I get occasional photos of them and I have had 4 phone calls with my youngest since 2018. Nothing from my eldest at all. I am ever so greatful something is happening. but this wasnt what was said within court when it was all agreed.
I have been to court twice again and each time told court isnt to solve your contact expectations. Where do I go to ensure some contact can get established again?? It has been since 2018 seeing them and the time is going so fast, they are missing out on a relationship with their mum.
Also wrote a letter twice to childrens services, each time I get nothing back. No response also form the partner service CS hand over to. I just get plamed off each time.
As a mum proactively trying to get some form of relationship with her children. Always ignored...
How is this child centred on what's best?
The history stems from their abusive father who is firmly out of the picture and wont ever have anything to do with any of us again.
I have done considerable learning; counselling self funded, freedom programme, pattern changing (all suggested on court psychological report) and requested protective parenting (but I was declined as didnt meet the 7 hours per week contact threshold); self learning through books.
I am exhausted and getting nowhere!
To further this...
I am dead scared that my future wont permit me ever having a future baby with a new partner due to a previous unhealthy relationship which is now firmly behind me.
I have sought answers tirelessly for this answer as I have met somebody new, we have been together a year. He knows about my current children and is understanding, values me and treats me well - healthy.

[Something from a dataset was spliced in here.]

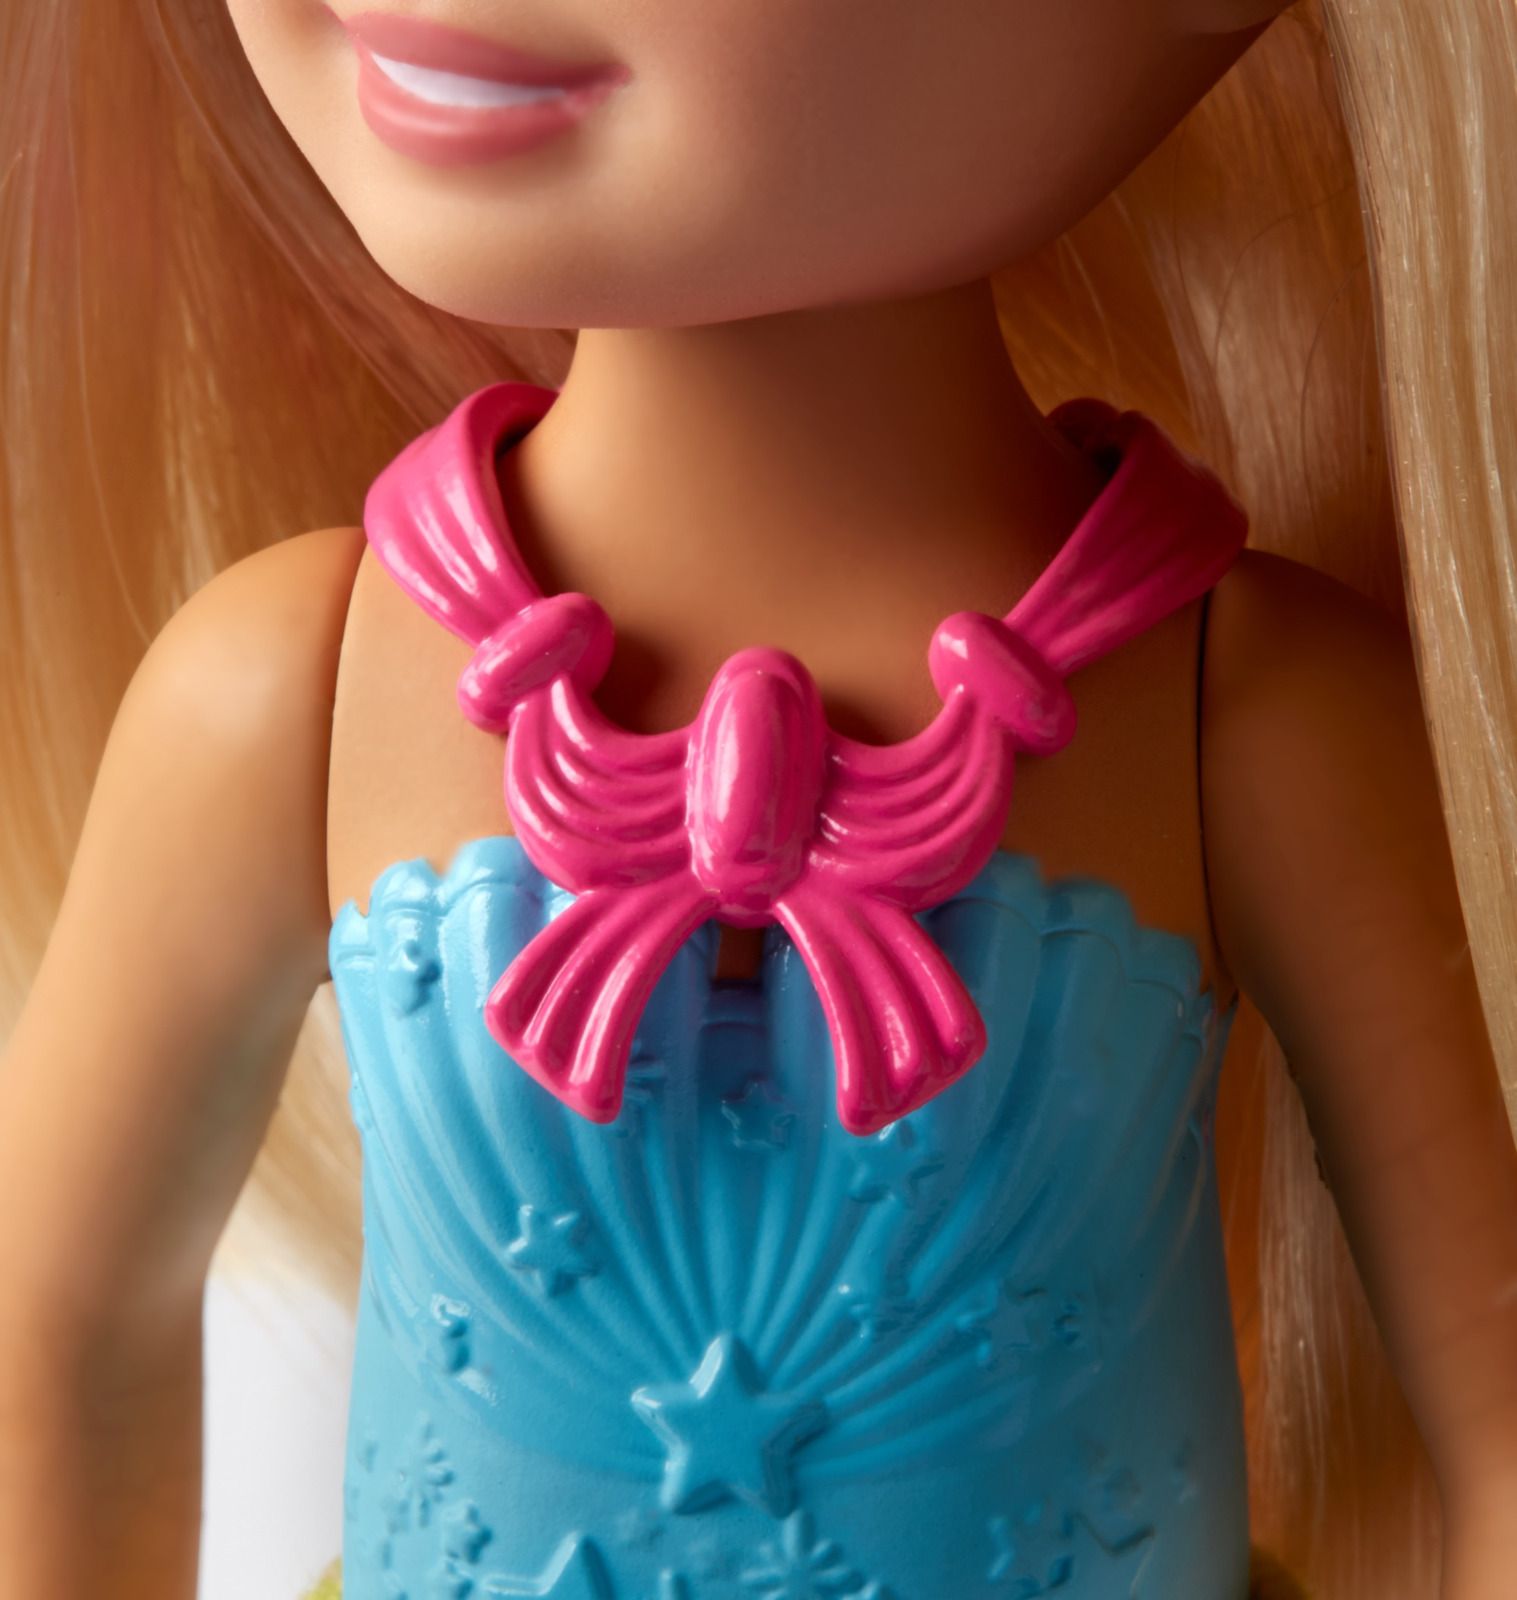 Barbie

But when we have spoken about our future, I tend to freeze and explain that I'm not sure about my future regards having a child of our own. Even though I'd love nothing more as my identity was cruelly stolen thanks to the damage my ex-husband caused and my inability to easily leave him at any cost. Which would NEVER ever happen again.

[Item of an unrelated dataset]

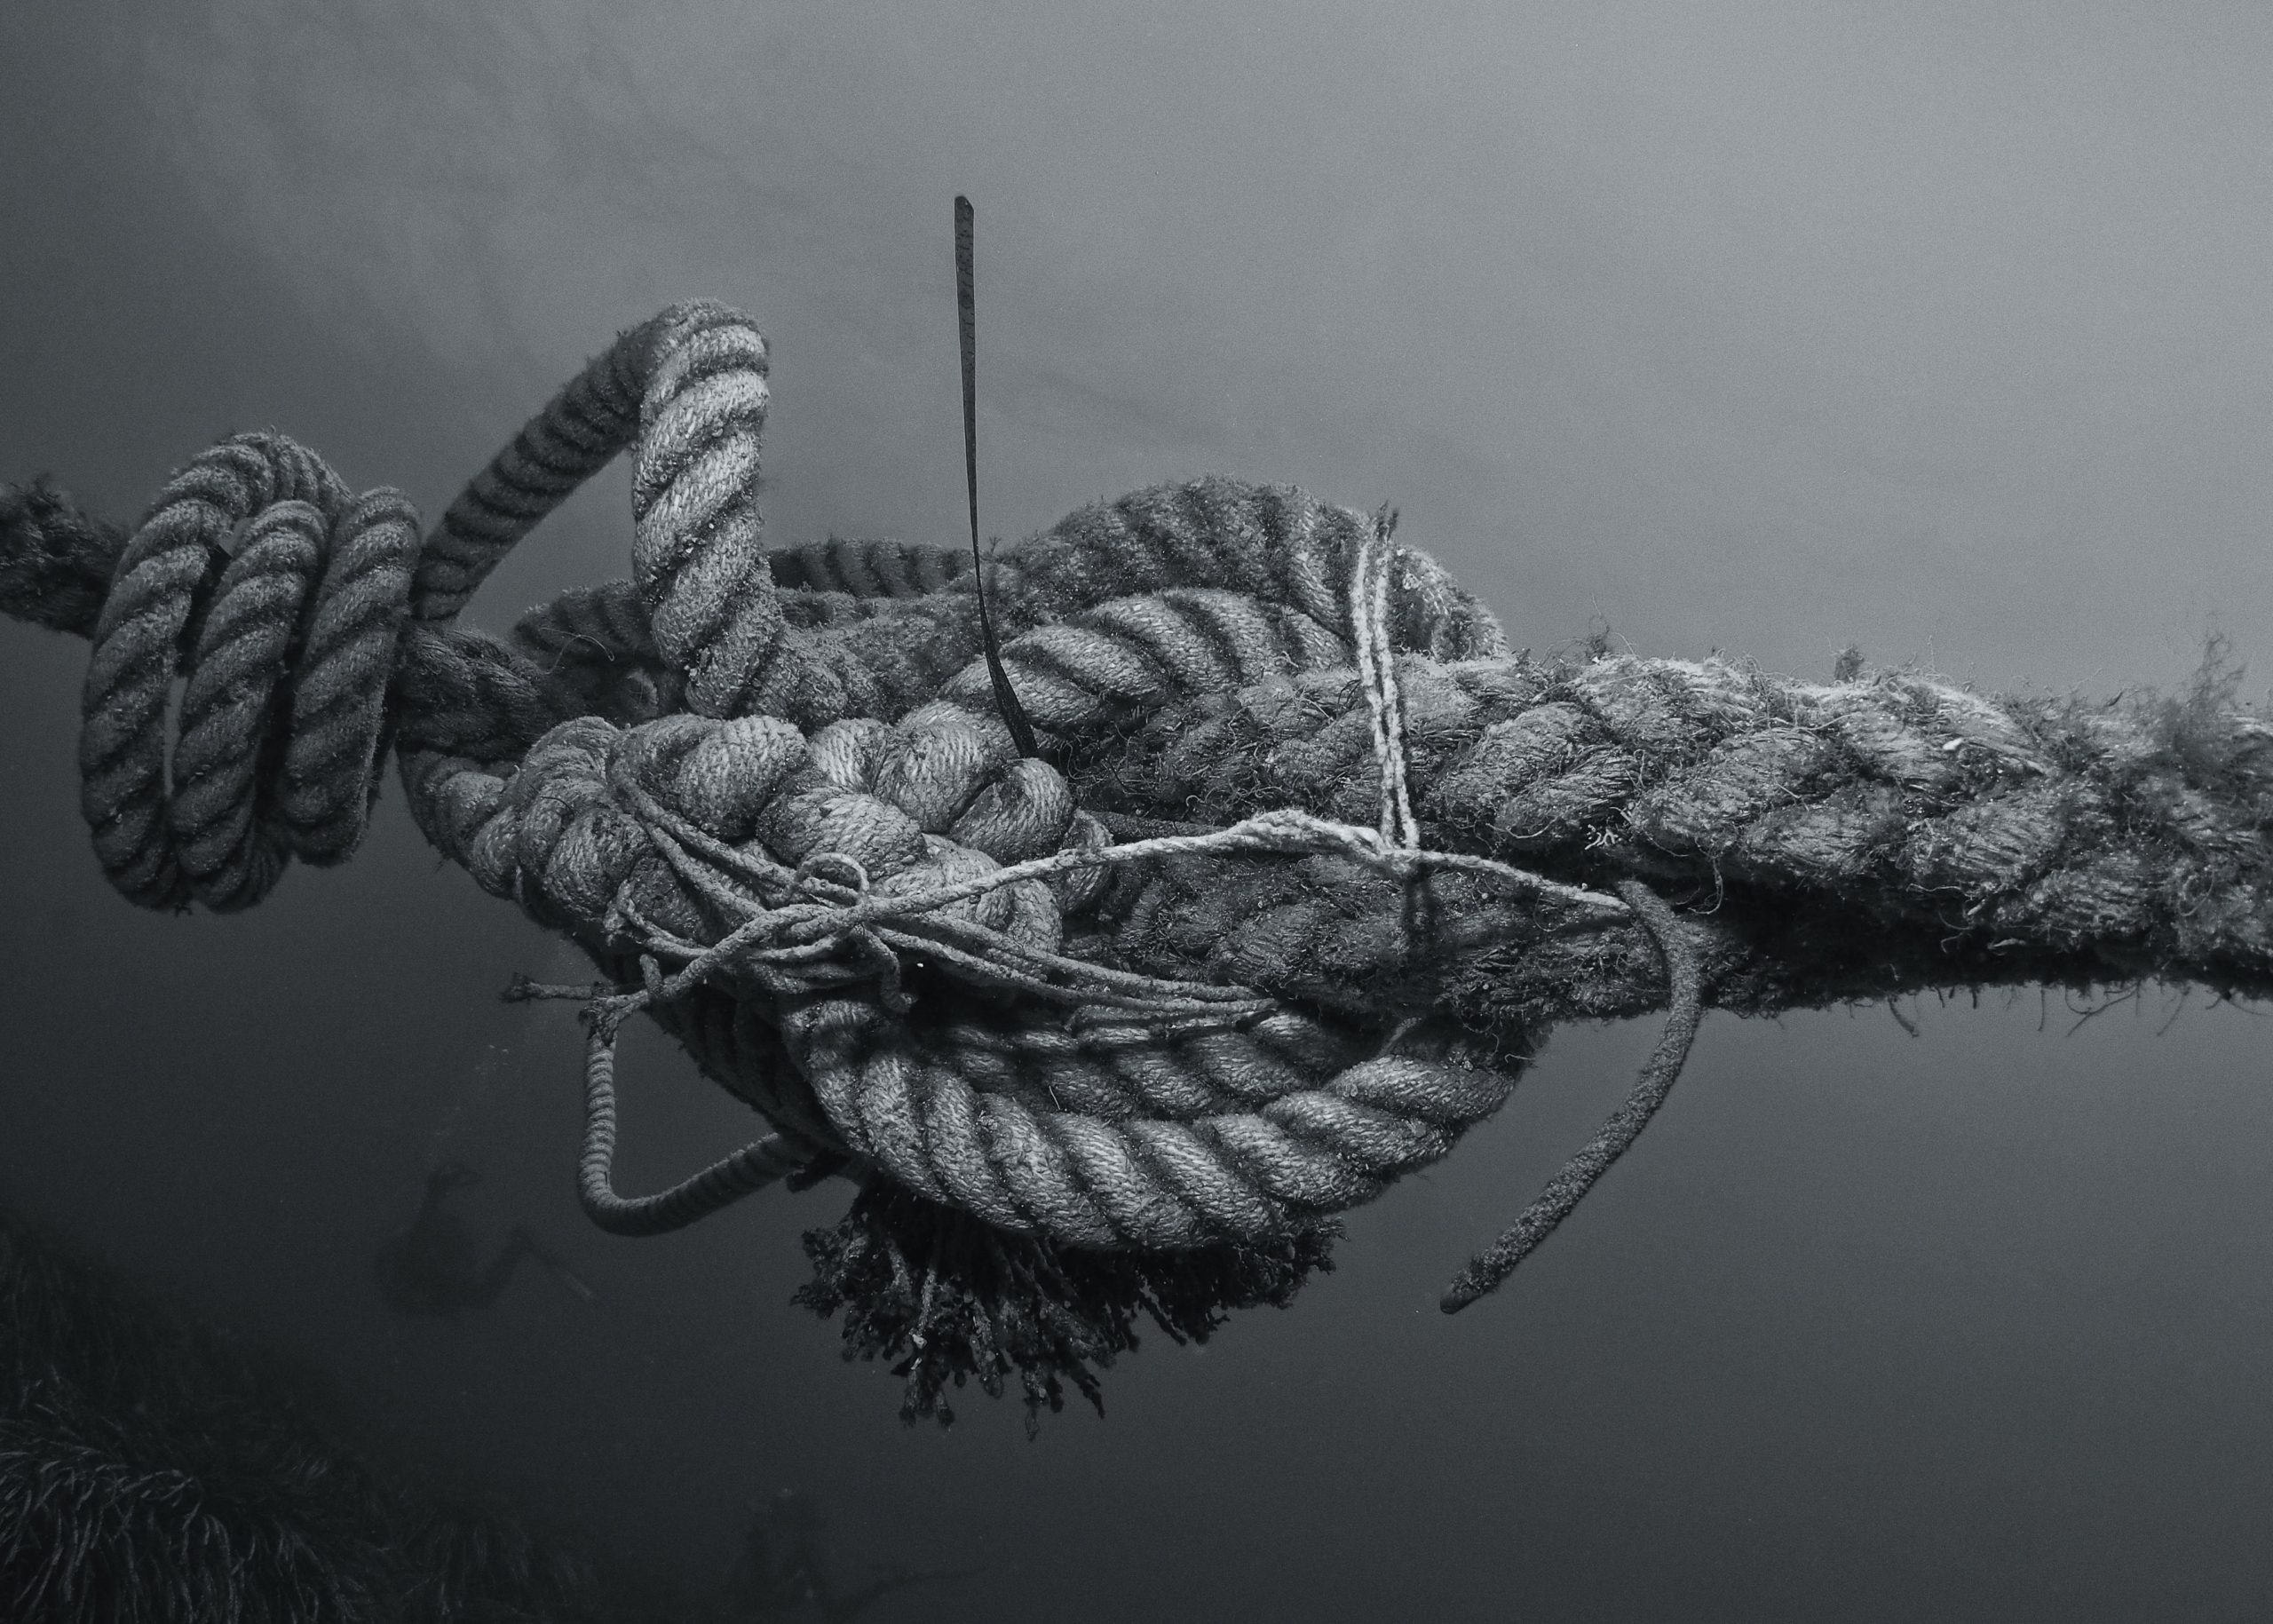 tangled rope representing vignettes

I work full time; permentant, have a nice clean, mortgaged home and have exhausted all options I can to learn from the past and do what was asked of me/address concerns but it's very difficult when no contact is taking place with my current 2 children.
What are the chances based on the above historical info, I'd ever be able to become a mum again?
I am aware due to the past I'd be a 'red flag' on the childrens service system and/ot be subject to a pre birth assessment etc... I have been forever wondering what would happen from there? I cant bear to put another innocent born child, myself or my new partner (who has nothing to do with my past) through the pain I've already had losing my first two children. I'd rather not bother as heartbreaking as it is.
I also wrote this in a letter to childrens services in May 2020 asking what their procedure would be... at the same time as requesting why contact is not taking place with my current 2 - still all ignored, no response unprofessional.
Thank you,
I hope there is a positive story out there as this is all so exhausting.